Every language lies in a continuum, and no matter how small the language is, you will find variations, explained Anastasopoulos. If a system is built that has only seen data from one variety of a language, it will perform worse for variations that the model has never seen.  

“I just kept building on this concept, which is how I ended up developing this whole research program here at George Mason. The real motivation behind my work is that it's just something that simply needs to get done,” he said.  

Endangered languages are very common in places such as Latin America, explained Anastasopoulos, where the government and socially powerful class often speak Spanish or Portuguese, to the exclusion of hundreds of Indigenous language communities. These Indigenous peoples still have to participate in society, so their unique languages eventually become moribund.   

“For example, I had some folks from an Indigenous community in Chile contact me and inquire about my work. The Mapuche had, historically, resisted Spanish conquest, and they reached out asking for guidance in building AI tools to help with the instruction and preservation of their language, Mapuzugun,” said Anastasopoulos.  

Fahim Faisal, a PhD candidate in the Department of Computer Science who works with Anastasopoulos as part of George Mason’s Natural Language Processing (NLP) group, has experienced the limitations modern technology can have on cultural dialects.  

Fahim Faisal. Photo provided.

“I'm from Bangladesh and my primary language is Bengali, so when I try to interact with everyday technology, for example, [Amazon’s] Alexa, it can't always understand what I’m saying because of my dialectal variety and my accent differences,” said Faisal.  

“There are lots of variations when people speak in terms of accent and dialect, so we’re trying to implement that cultural variety into language modeling, so it’s still accessible when you go from one part of the world to another,” he said.   

Earlier in 2024, Faisal’s paper “DialectBench: An NLP Benchmark for Dialects, Varieties, and Closely-Related Languages” received one of the Best Social Impact Paper Awards at the Association for Computational Linguistics, the premier NLP conference, for showing that LLMs cannot handle dialects as well as standard language varieties.  

Computer science PhD candidate Milind Agarwal applied to George Mason specifically to work alongside Anastasopoulos.  

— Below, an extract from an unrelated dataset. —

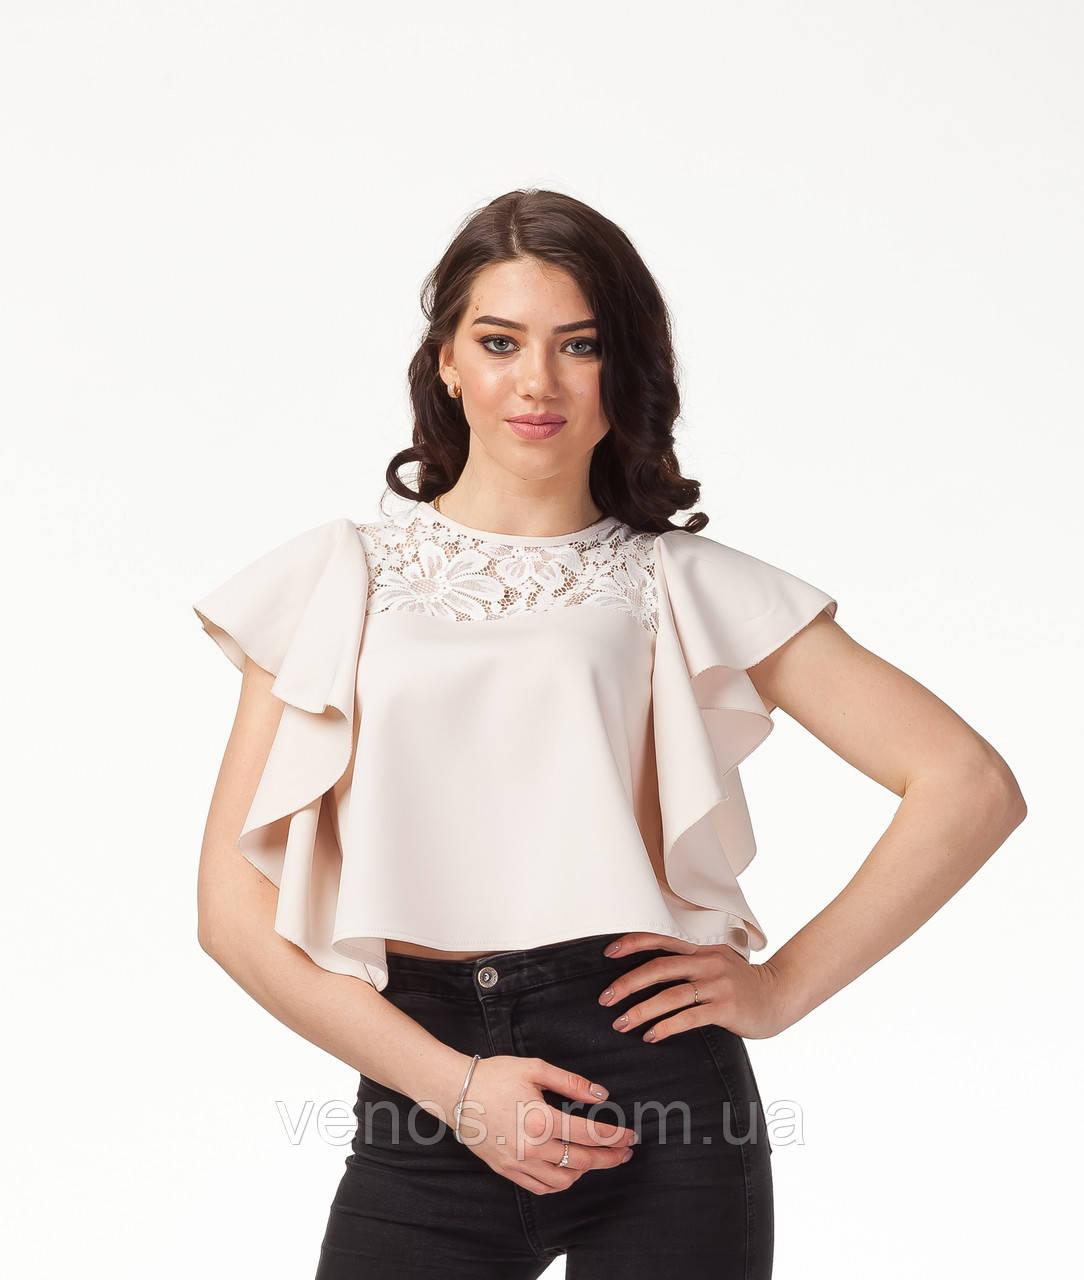 Женская блуза с воланами. К078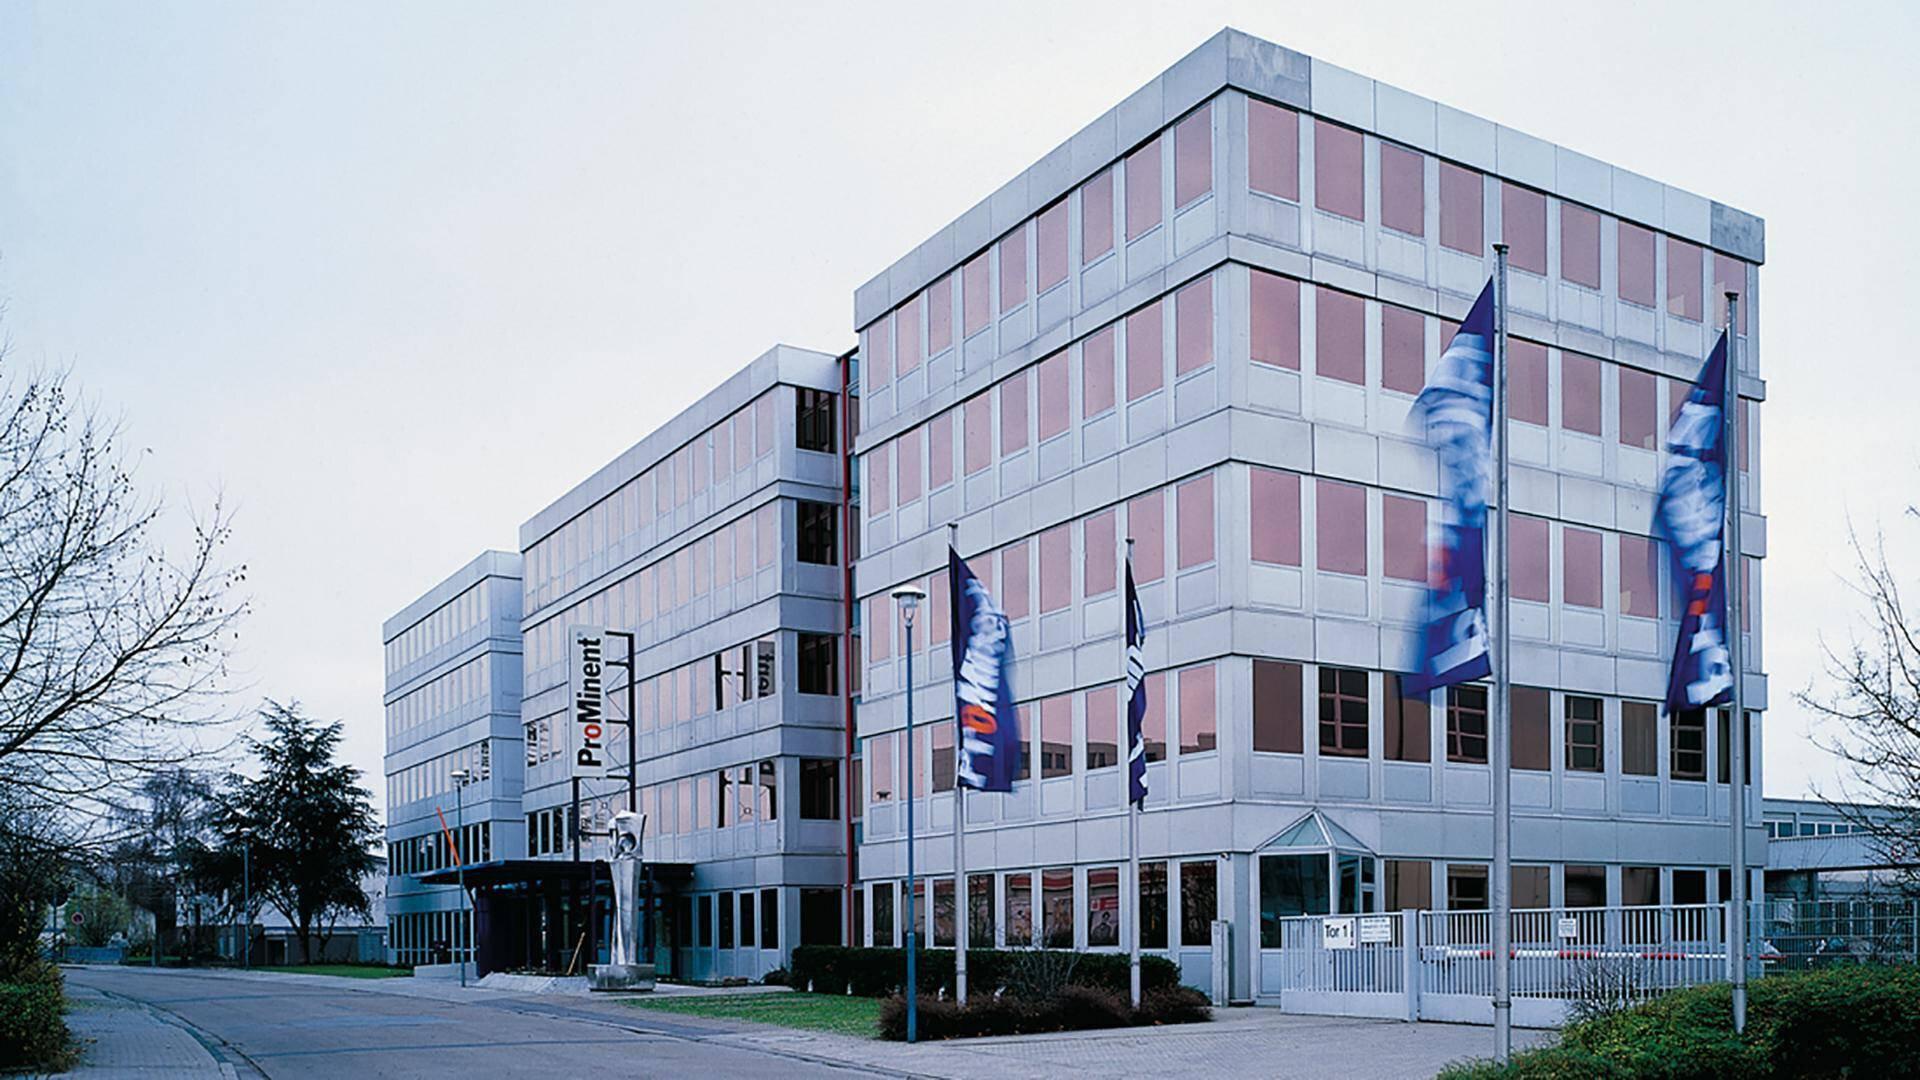 Gallery image 0 - Group headquarter in Heidelberg, Germany.

Agarwal works on documented digitization of archival data, as well as large- scale data extraction and language identification.  

“I’m trying to assist new artificial intelligence technologies to learn better so that it’s accessible to the smaller language communities and to ensure that there aren't huge swaths of people who are completely left out of this this tech revolution essentially,” said Agarwal, who has published six papers on the topic.  

One of Agarwal’s papers, “Script-Agnostic Language Identification” won the 2024 Best Student Impact Paper Award at a regional conference.  

“We're working with language community members directly, because they have a stake in revitalization and keeping their languages alive,” Agarwal said. “We continuously share our results with the community members to get feedback and make sure that the work we're doing is in line with the people who will use it rather than being research that's disconnected from the ground. That has been invaluable because it has grounded our work and made sure that it actually has an impact.”